Yes she destroys stuff when im there aswel, just sneakily does it, pretends she is sleepin then starts chewing when my back is turned! Little monkey she is!

can i buy that dog food from any pet shop? She is a really fussy eater when it comes to her own food, although will eat anythin if its not in hel


----------



## BeagleOwner777 (Jun 2, 2010)

she is usually left for around 3 to 4 hours a day! 

Yes she destroys stuff when im there aswel, just sneakily does it, pretends she is sleepin then starts chewing when my back is turned! Little monkey she is!
can i buy that dog food from any pet shop? She is a really fussy eater when it comes to her own food, although will eat anythin if its not in bowl.

Thanks for the help xxx


----------



## Ducky (Nov 23, 2008)

sorry been a while to reply!!

if you do see her chewing on things shes not supposed to, i would try and do a swapsie with her, to give her something she is allowed to chew. she is in her rebellious stage though hehe. she will try and get up to as much mischief as possible right now.

with regards to the food, burns you can only buy in independent pet shops. you wont find it in pets at home or anything. and the same with arden grange. however you can buy them online if no pet shops near you stock it. there are usually some quite good deals online too!


----------



## topcat (Sep 7, 2009)

BeagleOwner777 said:


> Hi,
> 
> The trainers haven't given any advice apart from to squirt water in her face when she barks, but this just makes her really grumpy and bark more.
> 
> Kim


Change your trainer for starters - no reputable trainer would tell you to do that.

Reintroduce the crate. A dog needs to feel secure when you're not there and leaving them with a big area to run around in doesn't do that. Our beagle mostly stays in his crate of his own accord anyway, and we now just leave the door open 24/7. He's just turned one, but we always shut him in his crate when we went out and at night until he was about 8 months.

We did turn out half a skips worth of Hector-produced destruction from the garden this spring, and I don't think I'll be growing anything this summer!

Beagles are very intelligent dogs so lots of short training sessions and a couple of energetic walks a day and she should start calming down.


----------



## victoriaj (Oct 21, 2009)

i really sympathise with you. i also have a female beagle she is 8 months old.

i haven't had a dog for years and she has been a real eye opener!!

she will also pull strips off the garden fence and she has chewed every arm on my garden chairs.

she loves eating dog poop when we are out so she now wears a muzzle when we are out walking.

i haveto say tho that she is a lot calmer than she used to be and she goes in her crate no problem when she is left and at night.

she is now fed on skinners and some naturediet and she is doing great on it.
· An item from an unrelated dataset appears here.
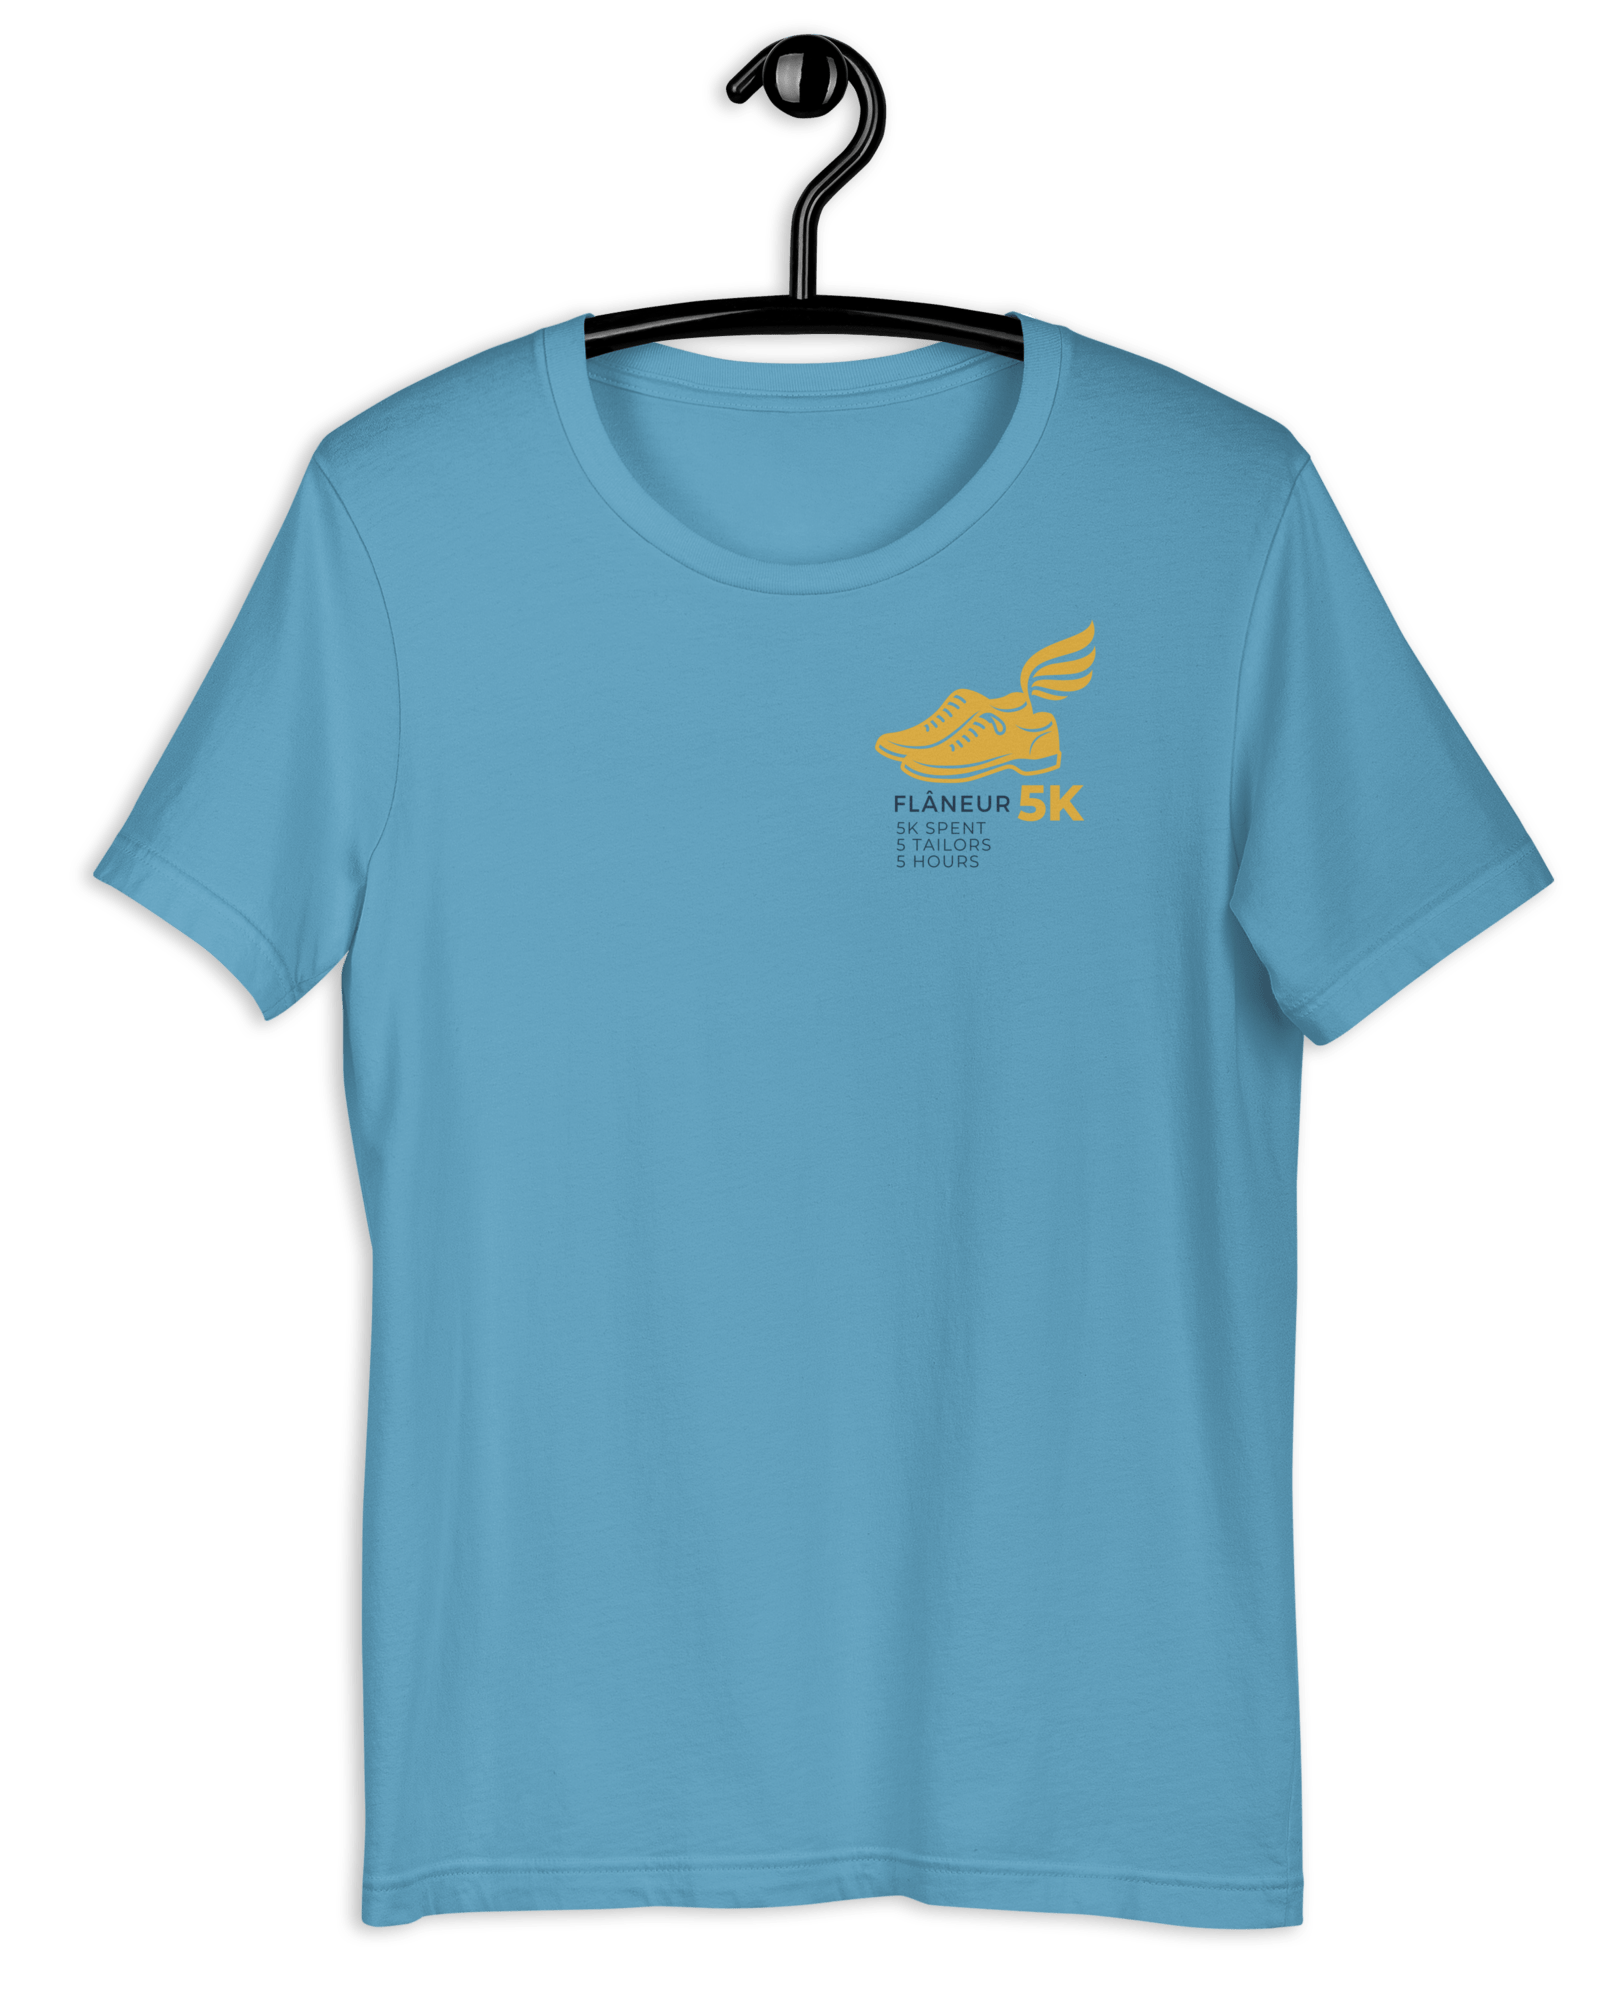 Flaneur 5K T-shirt Ocean Blue / S Shirts & Tops Jolly & Goode

she can sometimes be defiant especially when we are out on a walk and she picks up every little scrap on the pavement she can find!!

she also sometimes barks at you if she is being ignored but we just pay no attention and she has started to do it less now.
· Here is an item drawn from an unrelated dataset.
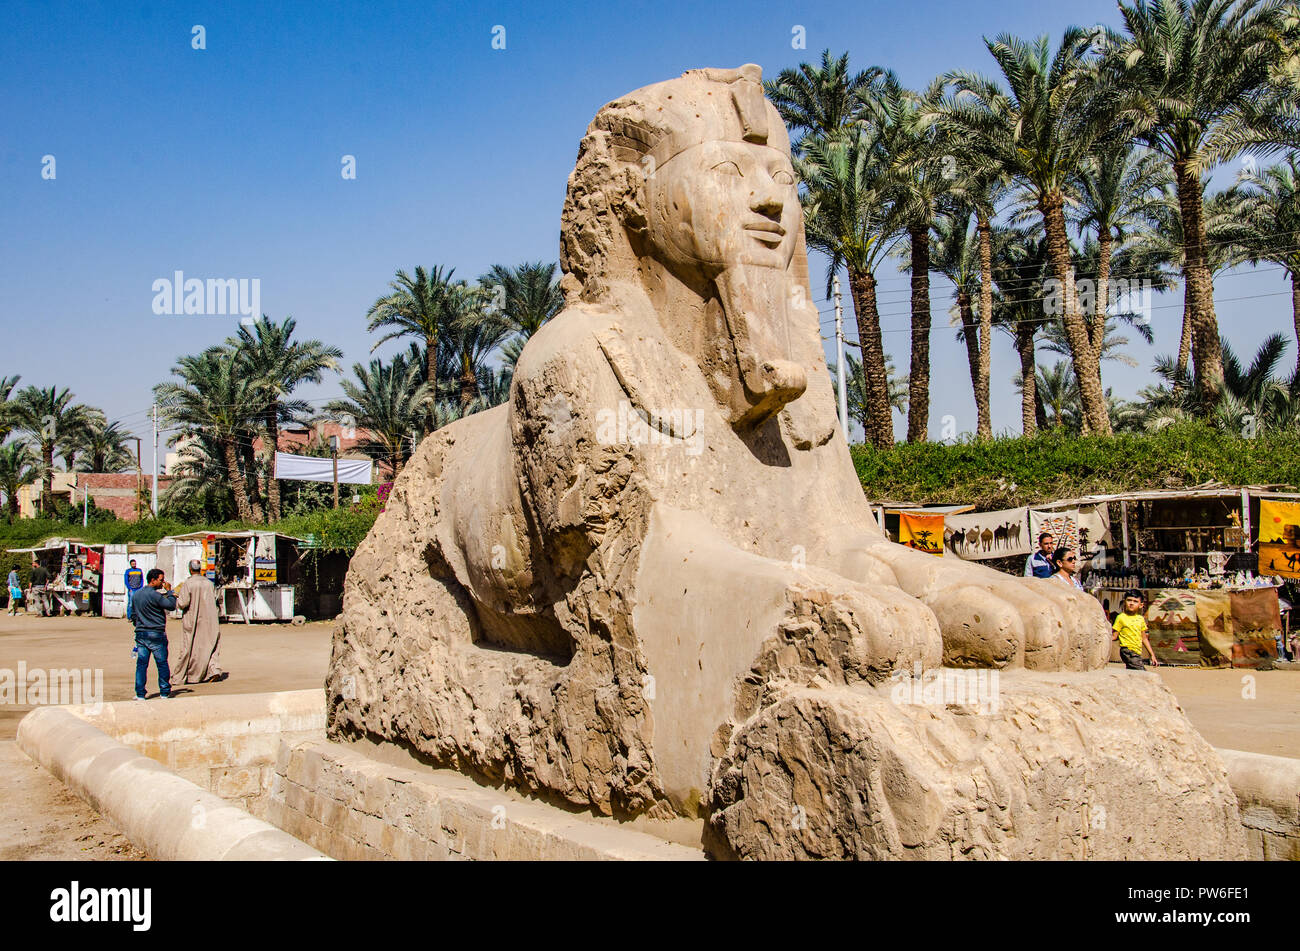 Memphis, au patrimoine mondial de l'Unesco Le Caire, Egypte - avril 2018. Sphinx antique statue. Banque D'Images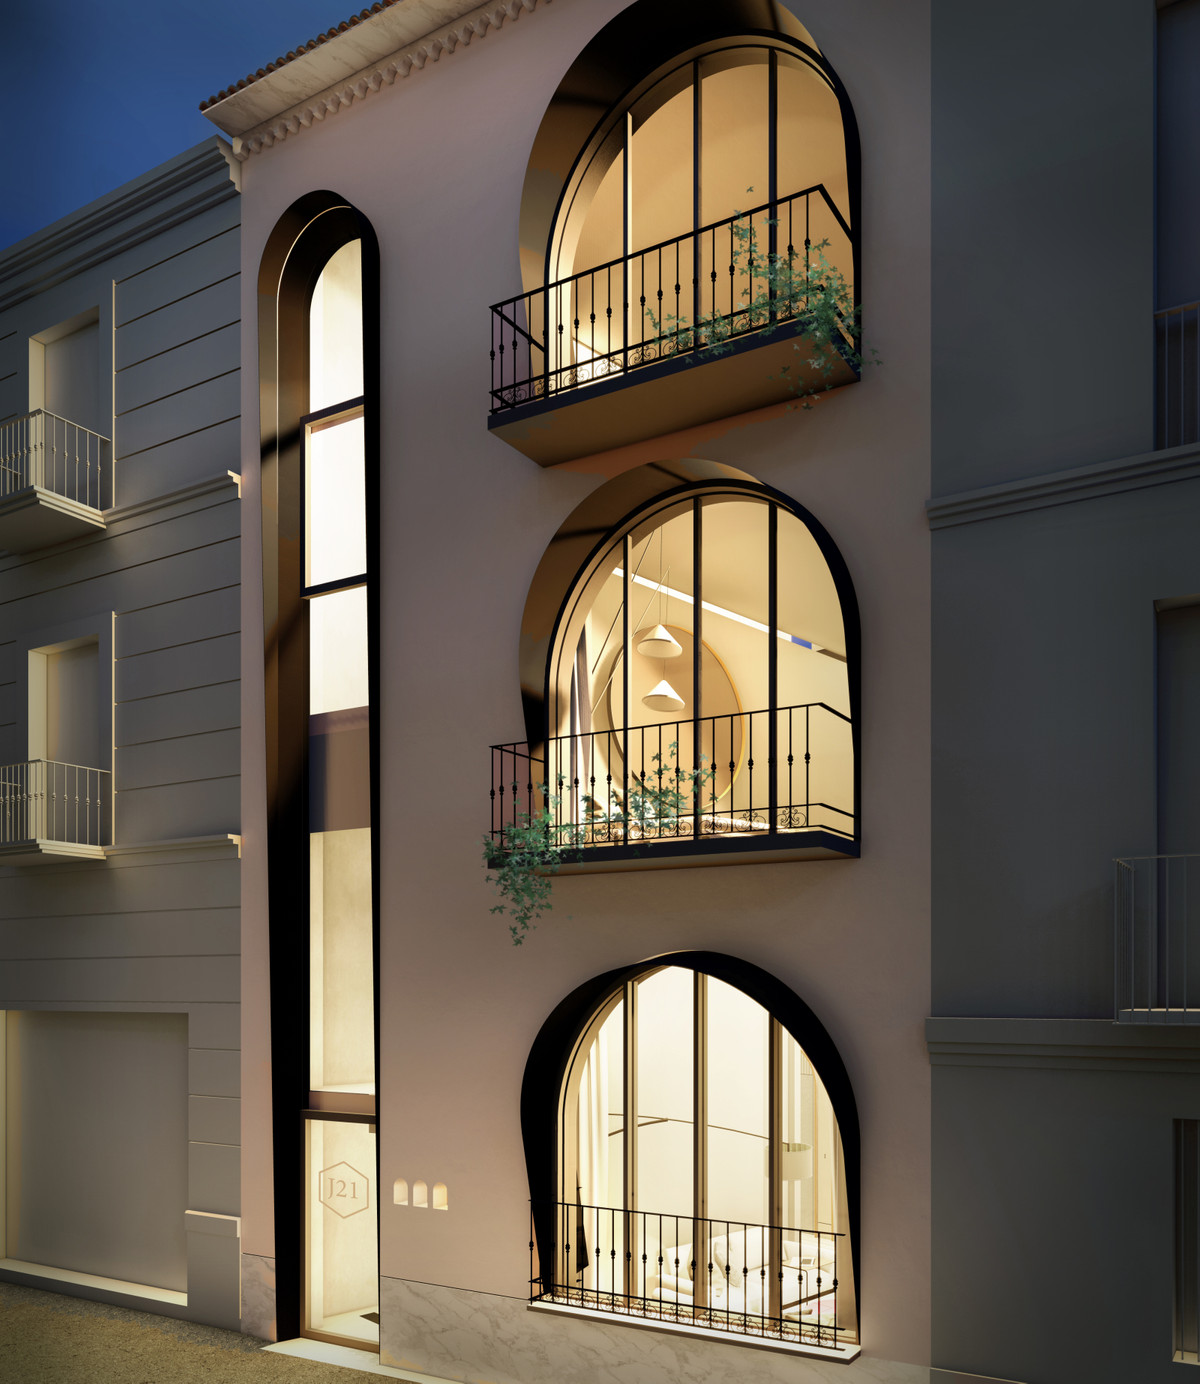 						Appartement  Rez-de-chaussée
													en vente 
																			 à Malaga Centro

hard work but lovely dogs!!


----------



## theevos5 (Dec 24, 2009)

victoriaj said:


> i really sympathise with you. i also have a female beagle she is 8 months old.
> 
> i haven't had a dog for years and she has been a real eye opener!!
> 
> ...


wow you could be talking about my Beaglehere are the photos of our fence and chairs to prove it!Don't be fooled by the hound dog eyes he is the devil in disguise:devil:


----------



## victoriaj (Oct 21, 2009)

lol peas in a pod mine and yours i think!!! although i haveto say she has a long walk in the morning and then she sleeps most of the morning!! i'm home with her most of the time too only leave her when we go out shopping or socialising so she has a lot of attention ... beagles def need it!!


----------



## theevos5 (Dec 24, 2009)

Ye Alf too gets walked in the morning and will sleep well afterwards,never had a problem with sleeping,he loves it especially of a night,he needs 12 hours at least,thats to make up for all his menacing during the day though I am also home most of the day,apart from the occasional shopping trip or visiting family etc,so he too gets his fair share of the cuddles and attention.I do remember a time not so long ago that I was houseproud!Getting rather difficult now which the chewing and the michief making....wouldn't have it any other way though.I like having splinters in my arms off the outside chairs


----------



## victoriaj (Oct 21, 2009)

you've just got to love them haven't you? sometimes when we're out i call her and she looks at me then just turns and carries on in the opposite direction! the only thing to bring her back is cheese!!!!!!!!!!


----------